Last  week  in  the  AEC  summit ,  US  and  China  announced  a deal  to  drop  tariffs on a wide range of tech products   based on the expanded  Information  Technology  Agreement   (ITA).

Enforced by WTO in  1997, ITA is aimed to lower all taxes and tariffs  on  IT  products  to  zero,  but  China had been reluctant to honor  the treaty due to protectionism.

According  to  WSJ,  it  is  estimated  that  this  pact  could  cover USD1tr  in  trade.  The  new  technology  deal  would  include  200 different  categories.  Among the products that would see tariffs eliminated  are  next  generation  semiconductors  (25%  levied), MRI (8% levied)  and GPS devices (8% levied).

Set  pace  for  a  rapid  conclusion  to the  broader negotiations in Geneva,  Switzerland  whereby  this  will  be  presented  to the 54 economies  for  ratification  in  Dec.   Formally,  ITA  members must offer  the same treatment deals to all WTO members.

Comments 

If  materialize,  this  will  be  a  major  catalyst  to  the  whole  tech sector, benefiting  all stakeholders  in the supply chain.

The  tariff  is  widely  perceived  to  be  a  barrier  to  the  take up of imported  goods  averting  buyers  to  domestic  production,  and in  some  cases  inferior  imitations.  To  compare,  an  outright iPhone 6 (16GB)  would  cost 33% more in China  than US.

In  the  absence  of  the  tariff,  imported IT goods will be cheaper and  more  affordable  in  China,  who  is  already  the  largest consumer  of  semiconductor  by  far,  accounting  for  ~45%  of the worldwide  demand  for chips.

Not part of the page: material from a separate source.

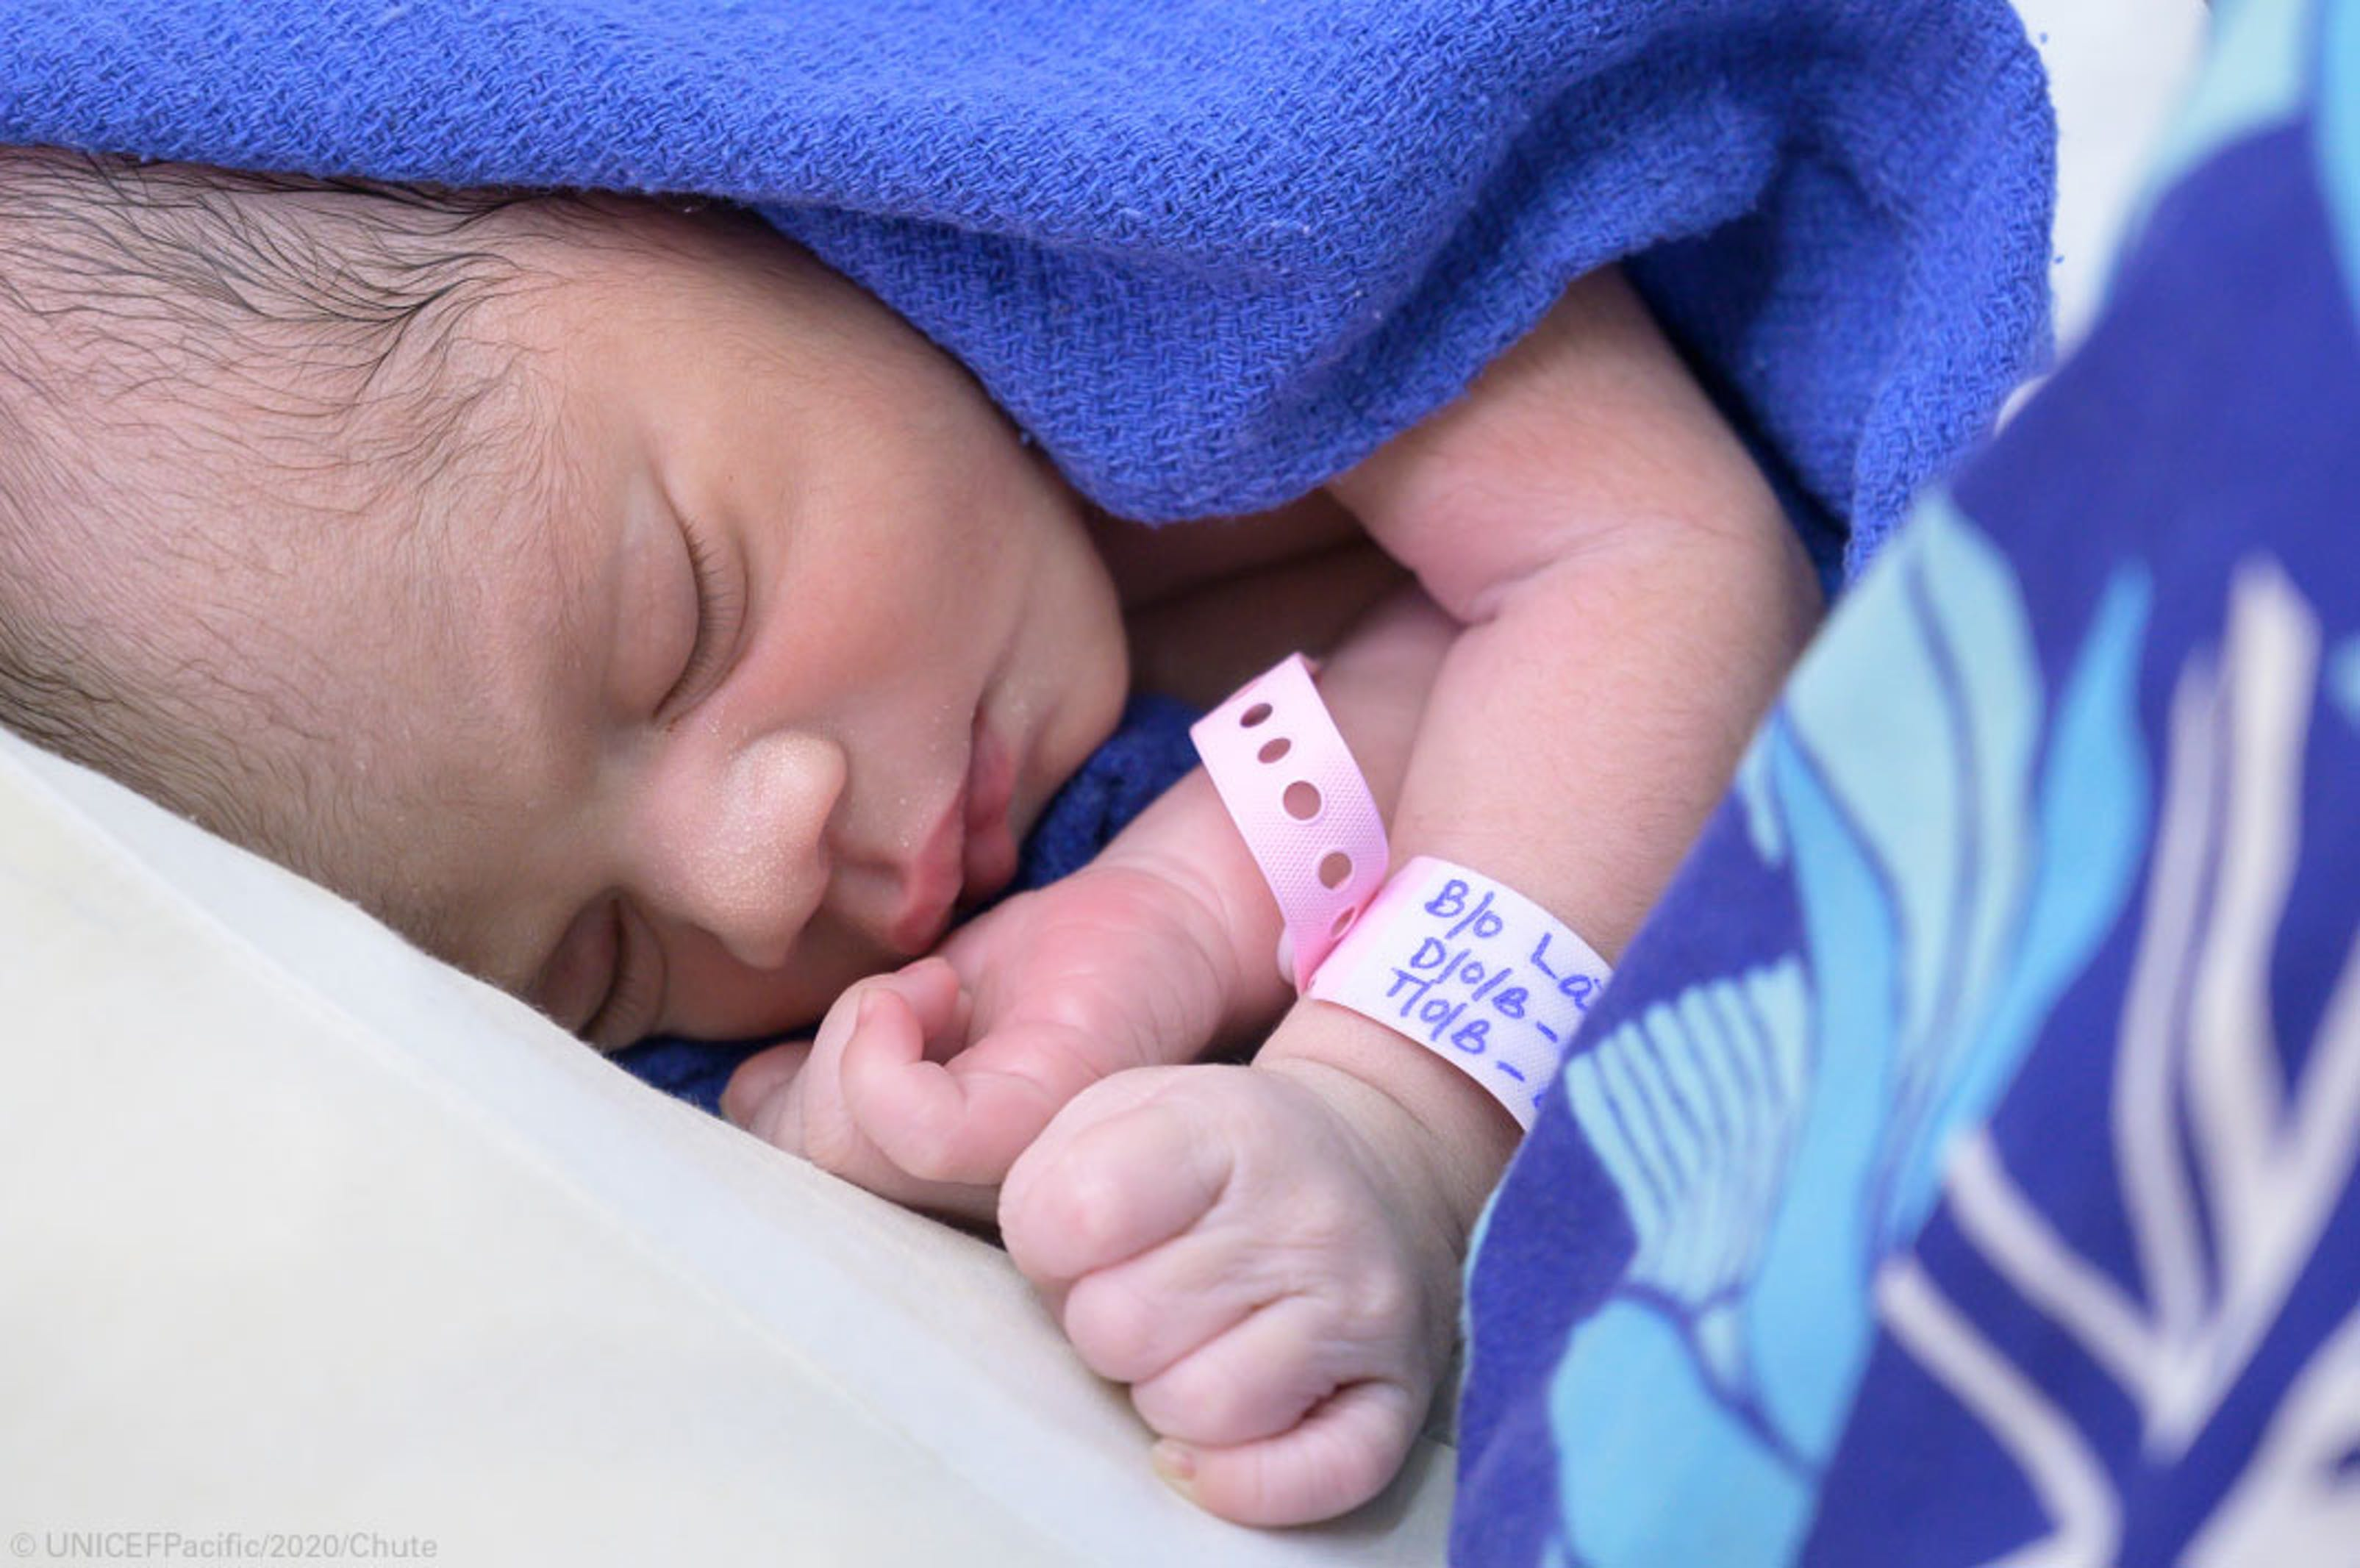 Questo bambino, nato 10 minuti dopo la mezzanotte del 1° gennaio nelle isole Figi (Oceania) è uno tra i primissimi dei circa 392.000 bambini che hanno visto la luce nel primo giorno del 2020 - ©UNICEF
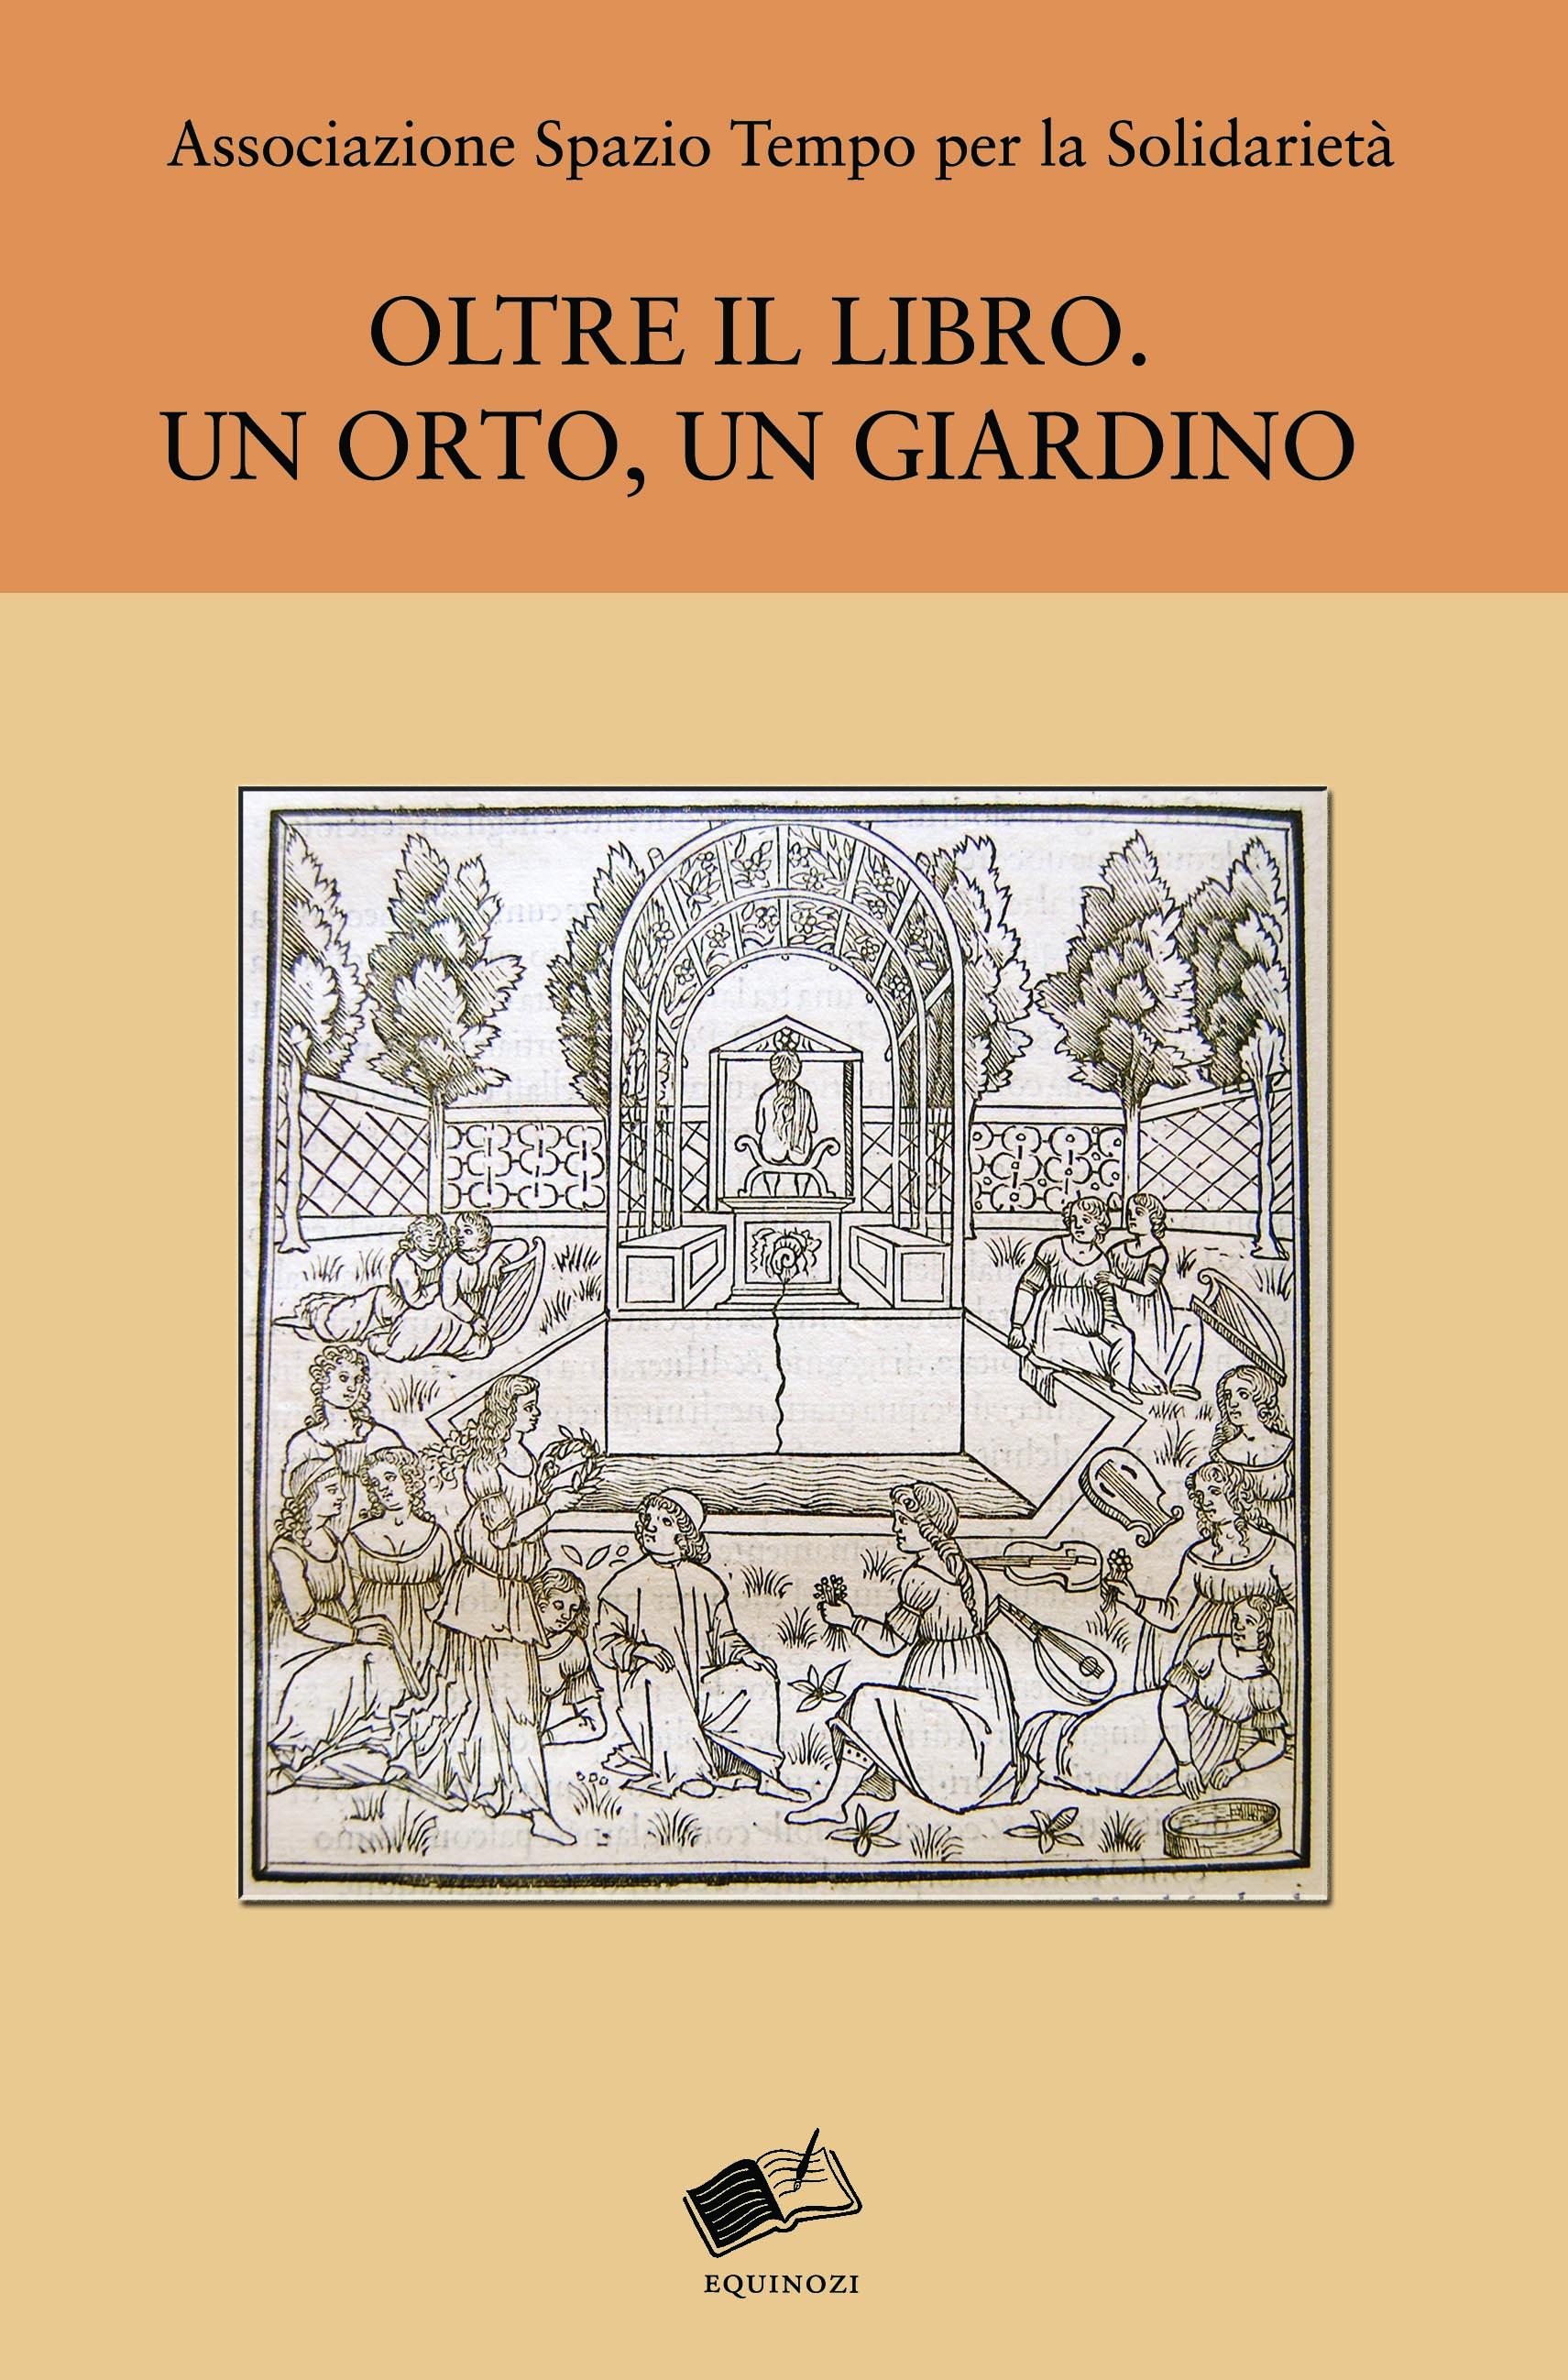 Oltre il libro_coverfront_bassa

This  will  spur  greater  demand  for  more  advance  and  high quality  technology  gadgets  from  first -time  users  as  well  as existing users who would  shorten product  replacement  cycle.

Catalysts 

  • Technological  advancement  and  creation  of  new  electronics applications  for  emerging  trends  (IoT,   connected  cars,  big data, smart home  / city, etc).
  • Improved  consumer  confident.

Risks

  • FOREX,  input  costs  (gold  and  copper),  weaker  consumer demand  and  stalemate in electronics innovation.

Forecasts

  • Maintained.

Rating

Overweight

  • Positives  –  Appreciation  of  USD,  proliferations  of  tablets, smartphones,  internet  of  things  (IoT),  wearable  techs  and hybrid / electric automobiles.
  • Negatives  –  intense  competition,  lack  of  talent  /  retention, high  CAPEX,  rising  electricity  cost  /  wages,  unable  to  move into the high value  chain (design and development).

Top Picks 

  • Inari  Amertron  (BUY, RM3.41) has indirect exposure to Apple. Currently  running  at full capacity  implying voracious  demand.  
  • ViTrox  (BUY,  TP:  RM3.17)  poised  to  benefit  from  China’s enormous  investment  (Rmb1tr)  in  semiconductor  industry  and capital allowance  incentives  announced  in Budget 2015.
  • Unisem’s   (BUY,  RM2.02)  operational  transformation  was  a success.  Relentless  focus  towards  high-margin-packages  for smartphone  market.